# What Rear Mounted Cycle Rack?



## gargreen7 (Apr 12, 2009)

I took up mountain biking a few months back and have to say, I love it. Mostly been riding to local trains etc. Problem is the closest trail is about 12miles away (one way) which when you take in to account the amount of energy you use on the trails, it makes going home pretty tough going. So I'm thinking of getting a bike rack for the car, so here are my concerns. 

1. What should i consider? - Roof is out of the question, because of budget.

2. How can I protect the car from scratches and marks?

3. Is there a certain shop I should buy from for good after sales etc? 

4. Are they safe as there will be many pounds strapped to it?

Basically, I'm looking for a good run down of what, why and how.


----------



## Bustanut (Jun 11, 2011)

Have a look at Thule tow bar mounted bike racks.


----------



## R5 MEE (Oct 14, 2011)

Front wheel off and bike in car is by far the safest
I bought a bike bag which fits the bike and removed wheel so the car stays clean.
Once had a rear carrier stolen from my car when at Kielder. Luckily there was a pressure washer so avoided the muck in car aftermath
I believe the Saris carriers are still one of the best for the rear


----------



## Jem (Aug 10, 2007)

I too take the front wheel out and put it in the back with the seats folded down.

If you do go the bike rack route, use helicopter tape on the paint where the rack rests on it, it will protect it brilliantly and when you decide to stop using the rack or sell your car just remove the tape. Cover your bike in it too.


----------



## Deathstar (Jan 13, 2013)

The certain shop does a good boot mounted unit, with secure mounts for both car and bike.
Don't go for one that uses straps to mount it to the car.

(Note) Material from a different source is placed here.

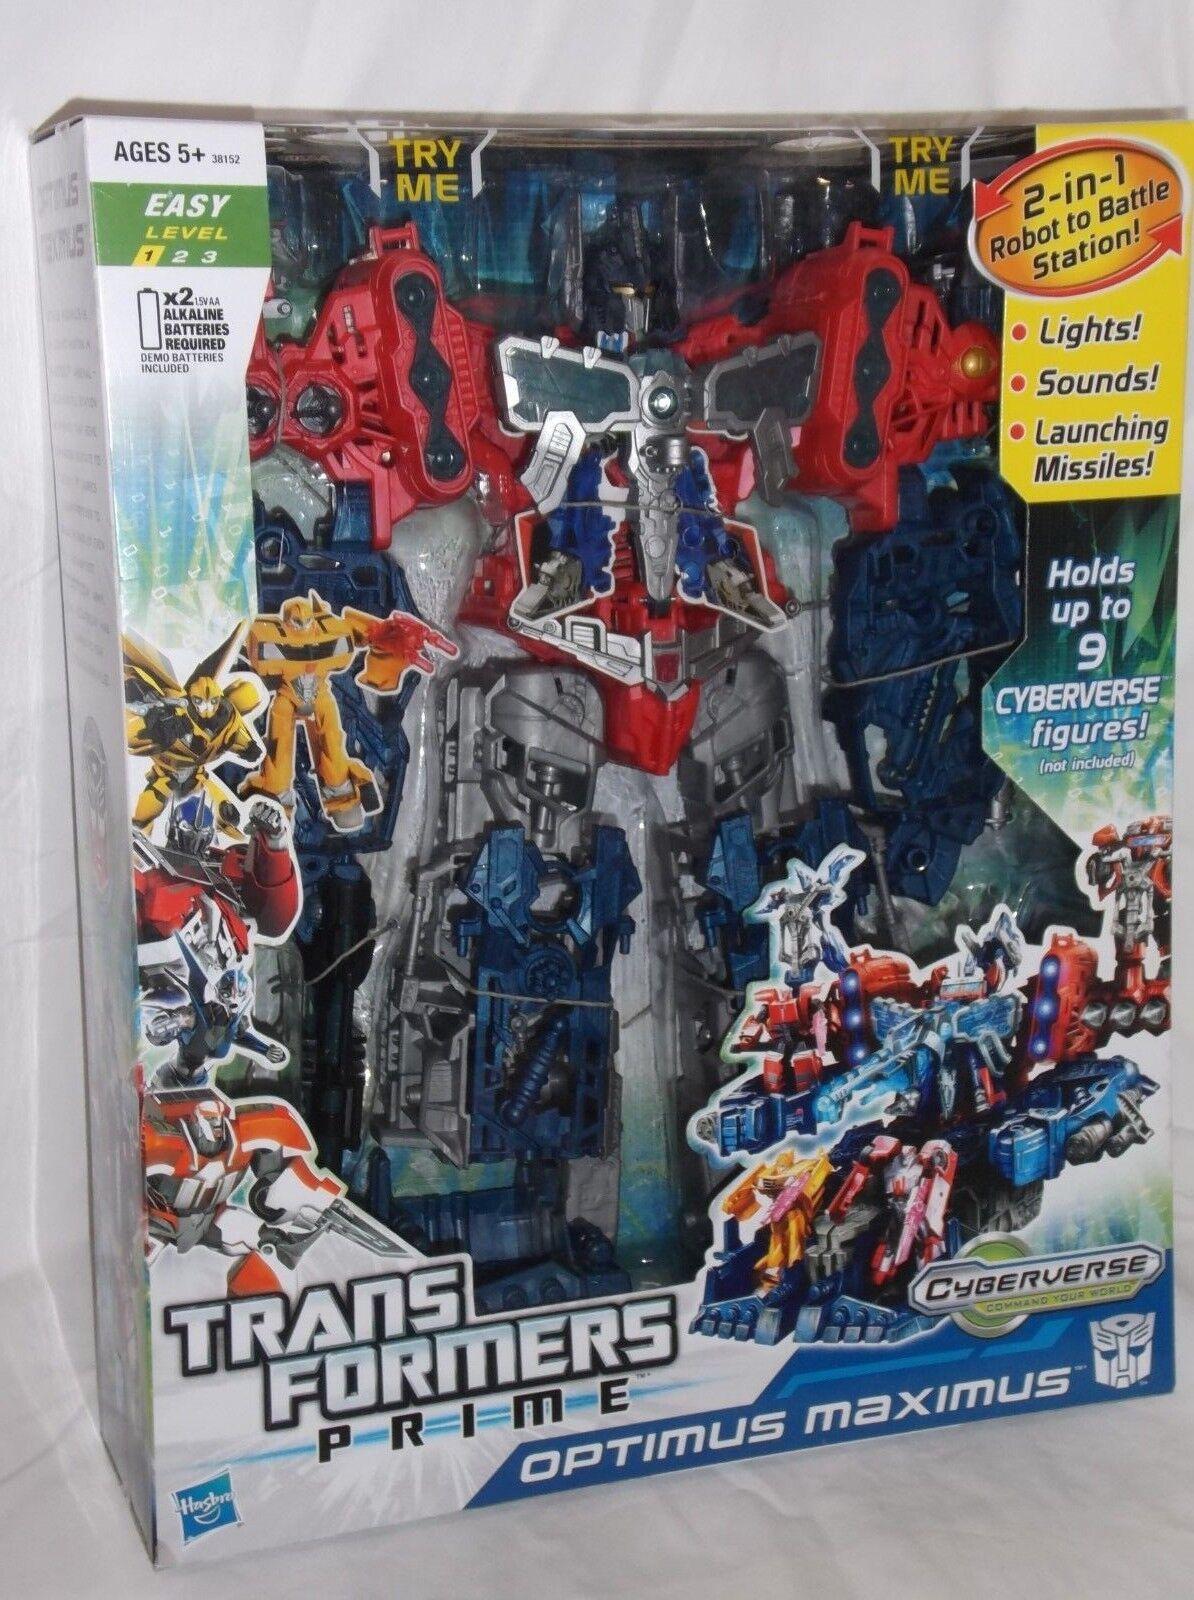 HASBRO Transformers cyberverse Prime Optimus Maximus Lights Sound missiles Robot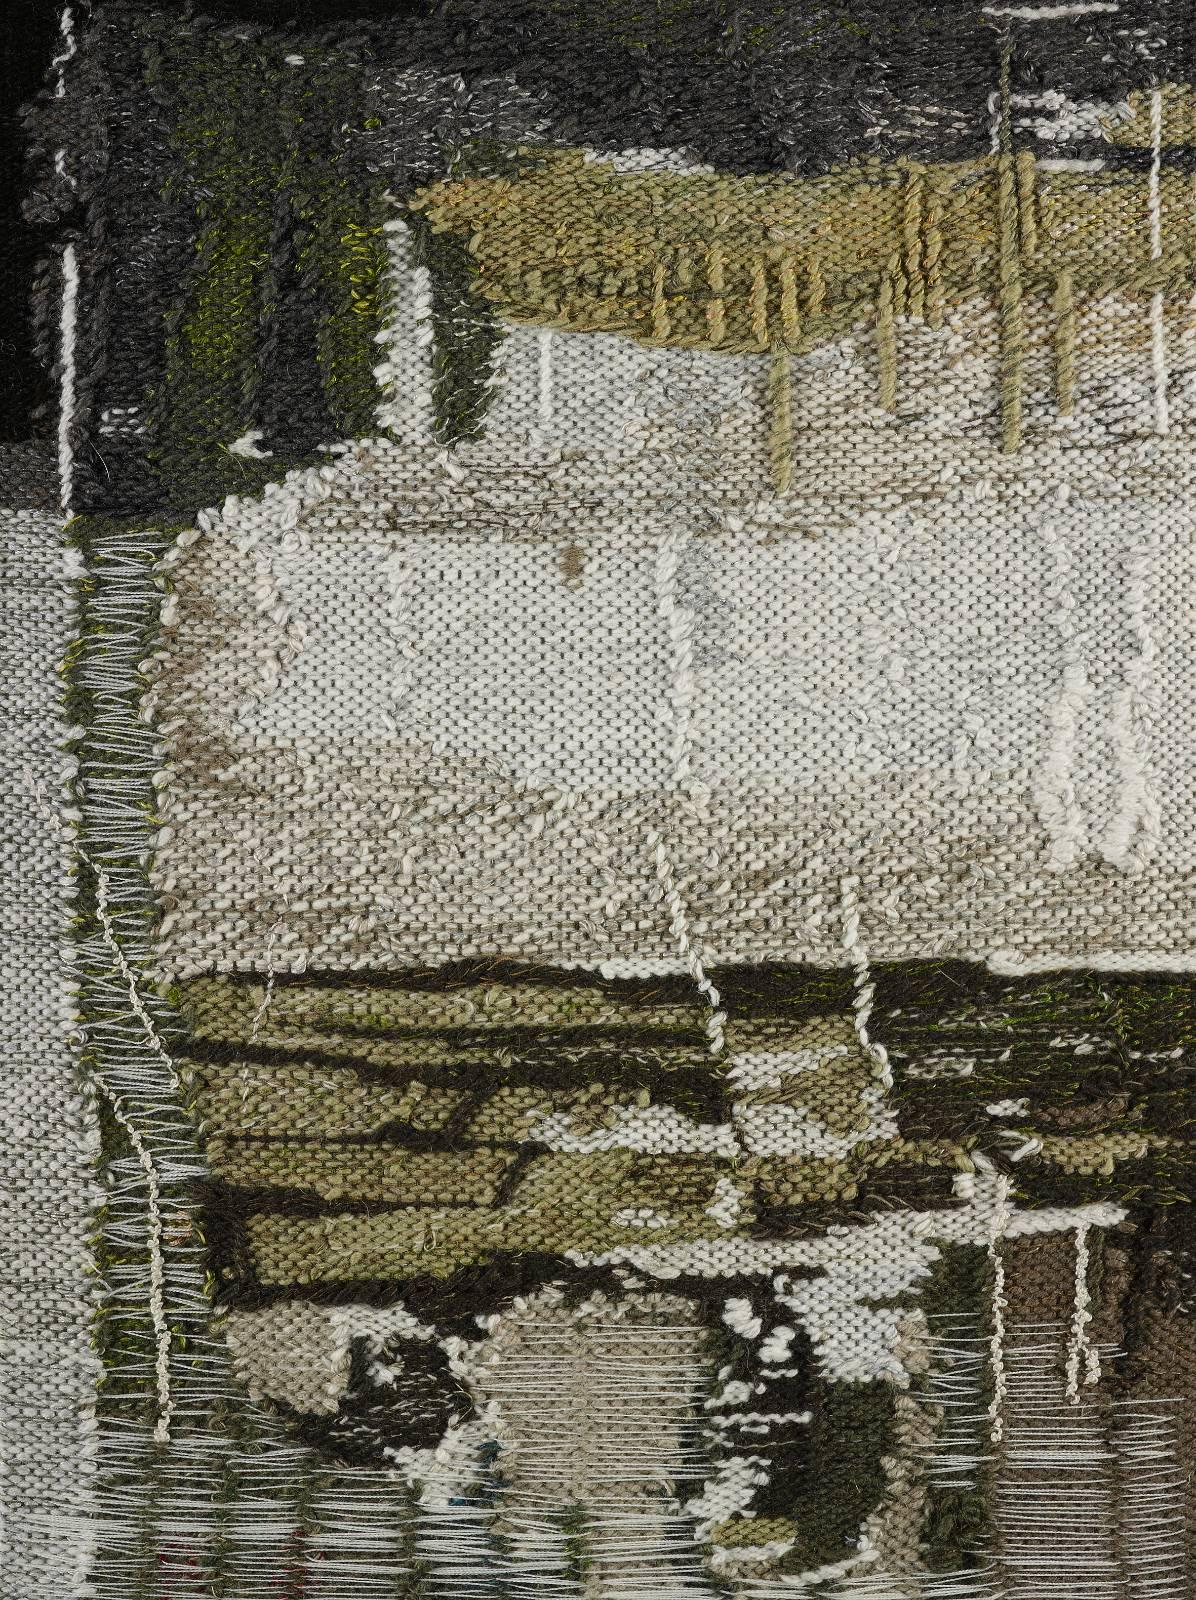 Untitled, 2012, cotton warp, wool thread, plywood, 60 x 44 cm

The saris bones racks get great reviews. 


(TT)


----------



## gargreen7 (Apr 12, 2009)

Thanks guys. I'll have a look at the saris racks and try and get some info on them


----------



## andy monty (Dec 29, 2007)

Towbar or roof rack....

I dont trust the strap on racks having seen 2 loads of bikes dumped on the road......

take a look here:

http://www.detailingworld.co.uk/forum/showpost.php?p=1545322&postcount=9


----------



## LeadFarmer (Feb 23, 2011)

Do you have a tow ball fitted? If so, I used to use one of these Thule carriers..


----------



## Oats (Apr 9, 2012)

gargreen7 said:


> Thanks guys. I'll have a look at the saris racks and try and get some info on them


I got a Bones three bike rack last year and am thinking of selling it lol. Couple of things mention based upon my use of one:

1) If you have a glass hatch like me (Skoda Octy) you need 'hatch huggers'. These replace the top strap hooks with round plastic sleeves. The problem then is that you can only use two bikes on it 

2)The length and thickness of the arms means that you can't put a little kiddies bike on it past the first position.

3)Watch where your pedal goes in the recess where the number plate is. I didn't cover my pedal and it chipped off a good chunk of paint on the lip above the number palte as it banged along country roads.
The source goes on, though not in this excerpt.